# Module 12 Challenge
## Deliverable 1: Scrape Titles and Preview Text from Mars News

In [34]:
# Import Splinter and BeautifulSoup
from splinter import Browser
from bs4 import BeautifulSoup as soup
from webdriver_manager.chrome import ChromeDriverManager
import pymongo

In [13]:
# Setup splinter
executable_path = {'executable_path': ChromeDriverManager().install()}
browser = Browser('chrome', **executable_path, headless=False)

[WDM] - Downloading: 100%|██████████| 6.58M/6.58M [00:00<00:00, 7.56MB/s]


### Step 1: Visit the Website

1. Use automated browsing to visit the [Mars NASA news site](https://redplanetscience.com). Inspect the page to identify which elements to scrape.

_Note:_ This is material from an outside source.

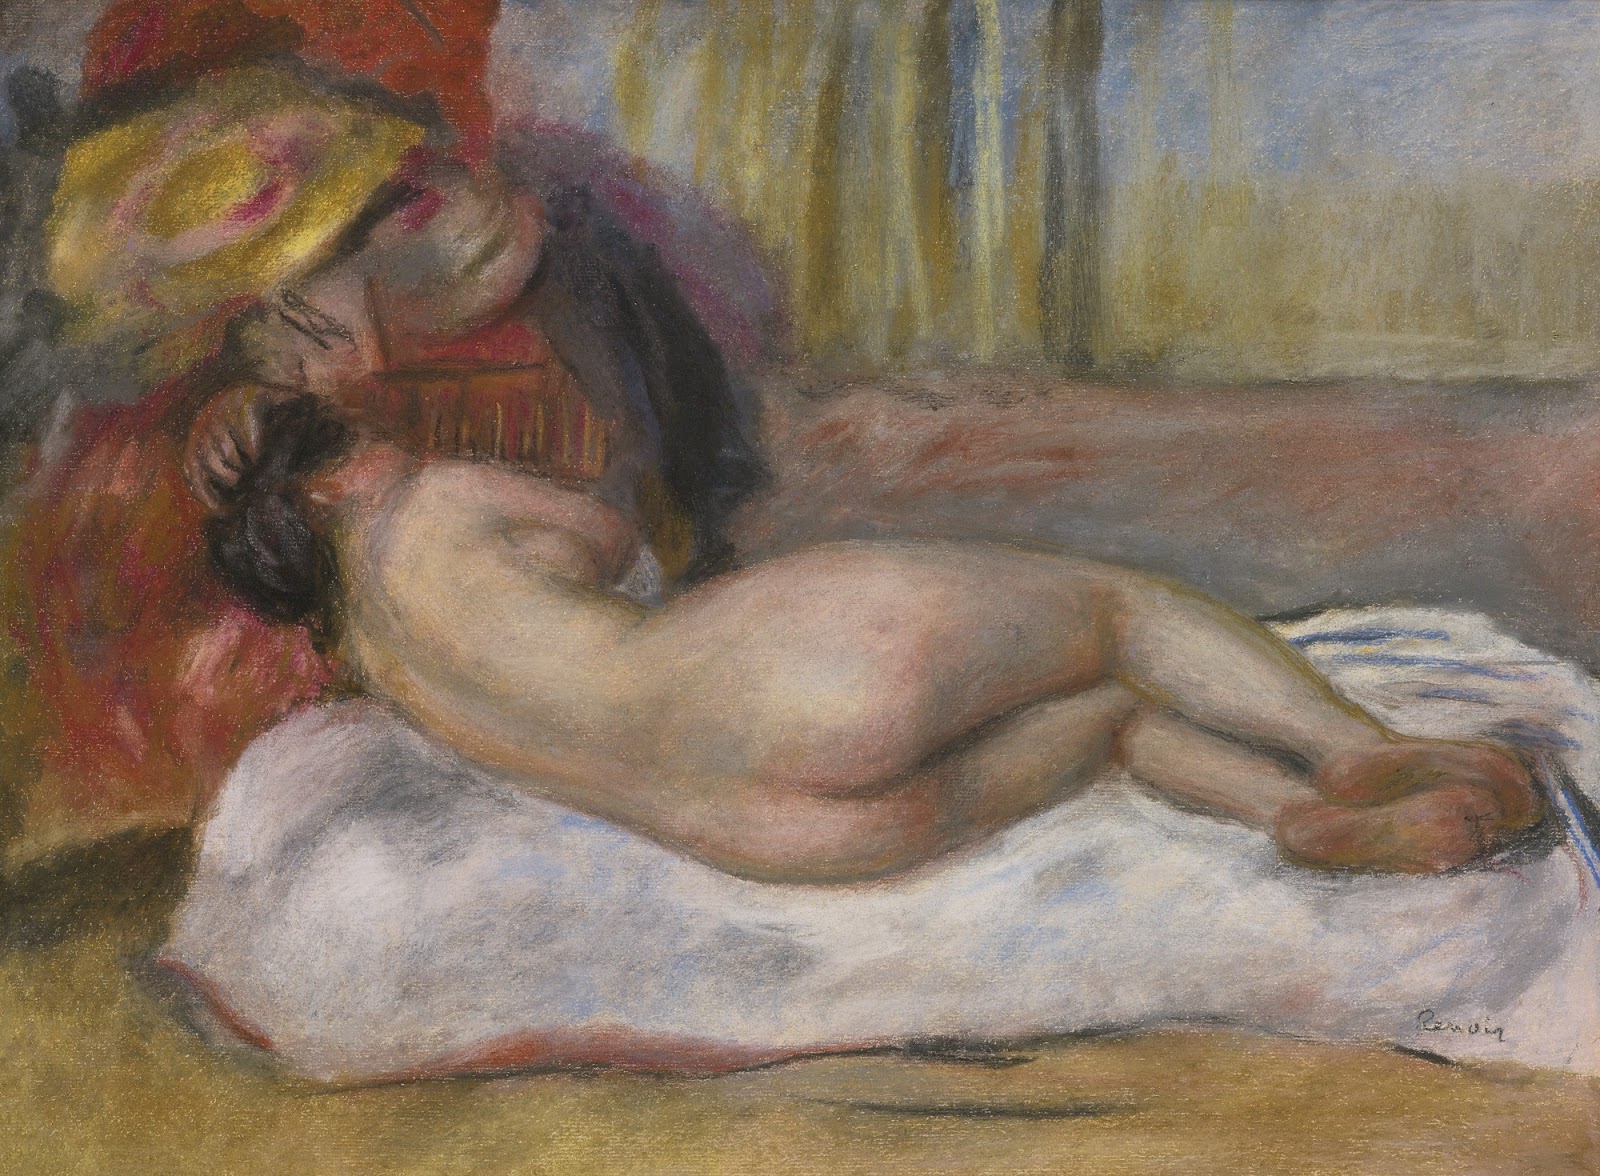 Pierre+Auguste+Renoir-1841-1-19 (546).jpg
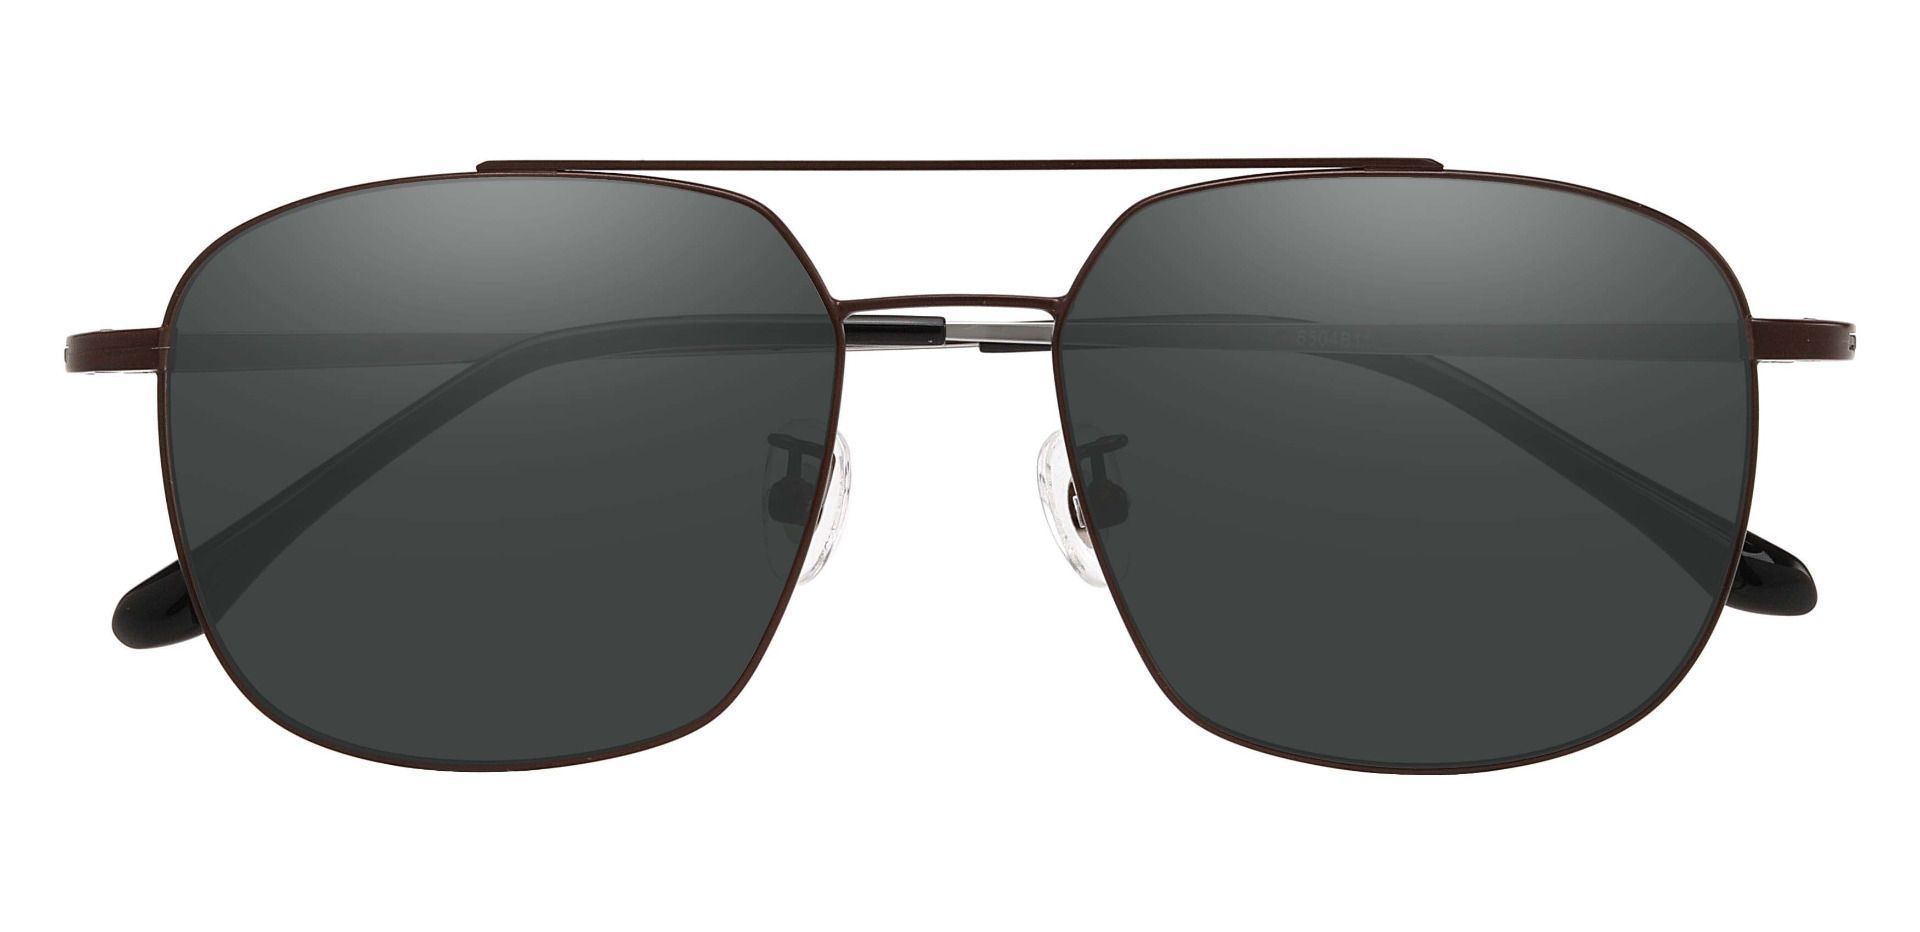 Trevor Aviator Reading Sunglasses - Brown Frame With Gray Lenses

      > **Hint** To identify which elements to scrape, you might want to inspect the page by using Chrome DevTools.

In [14]:
# Visit the Mars NASA news site: https://redplanetscience.com
url = 'https://redplanetscience.com'
browser.visit(url)

### Step 2: Scrape the Website

Create a Beautiful Soup object and use it to extract text elements from the website.

In [15]:
# Create a Beautiful Soup object
html = browser.html
soup = soup(html, 'html.parser')

In [29]:
# Extract all the text elements
responses = soup.find_all('div', class_= "list_text")
for response in responses:
    print(response.text)


January 4, 2023
All About the Laser (and Microphone) Atop Mars 2020, NASA's Next Rover
SuperCam is a rock-vaporizing instrument that will help scientists hunt for Mars fossils.


January 3, 2023
Robotic Toolkit Added to NASA's Mars 2020 Rover
The bit carousel, which lies at the heart of the rover's Sample Caching System, is now aboard NASA's newest rover. 


January 3, 2023
NASA's Push to Save the Mars InSight Lander's Heat Probe
The scoop on the end of the spacecraft's robotic arm will be used to 'pin' the mole against the wall of its hole.


January 3, 2023
NASA to Broadcast Mars 2020 Perseverance Launch, Prelaunch Activities
Starting July 27, news activities will cover everything from mission engineering and science to returning samples from Mars to, of course, the launch itself.


January 2, 2023
From JPL's Mailroom to Mars and Beyond
Bill Allen has thrived as the mechanical systems design lead for three Mars rover missions, but he got his start as a teenager sorting letters for t

### Step 3: Store the Results

Extract the titles and preview text of the news articles that you scraped. Store the scraping results in Python data structures as follows:

* Store each title-and-preview pair in a Python dictionary. And, give each dictionary two keys: `title` and `preview`. An example is the following:

  ```python
  {'title': "Mars Rover Begins Mission!", 
        'preview': "NASA's Mars Rover begins a multiyear mission to collect data about the little-explored planet."}
  ```

* Store all the dictionaries in a Python list.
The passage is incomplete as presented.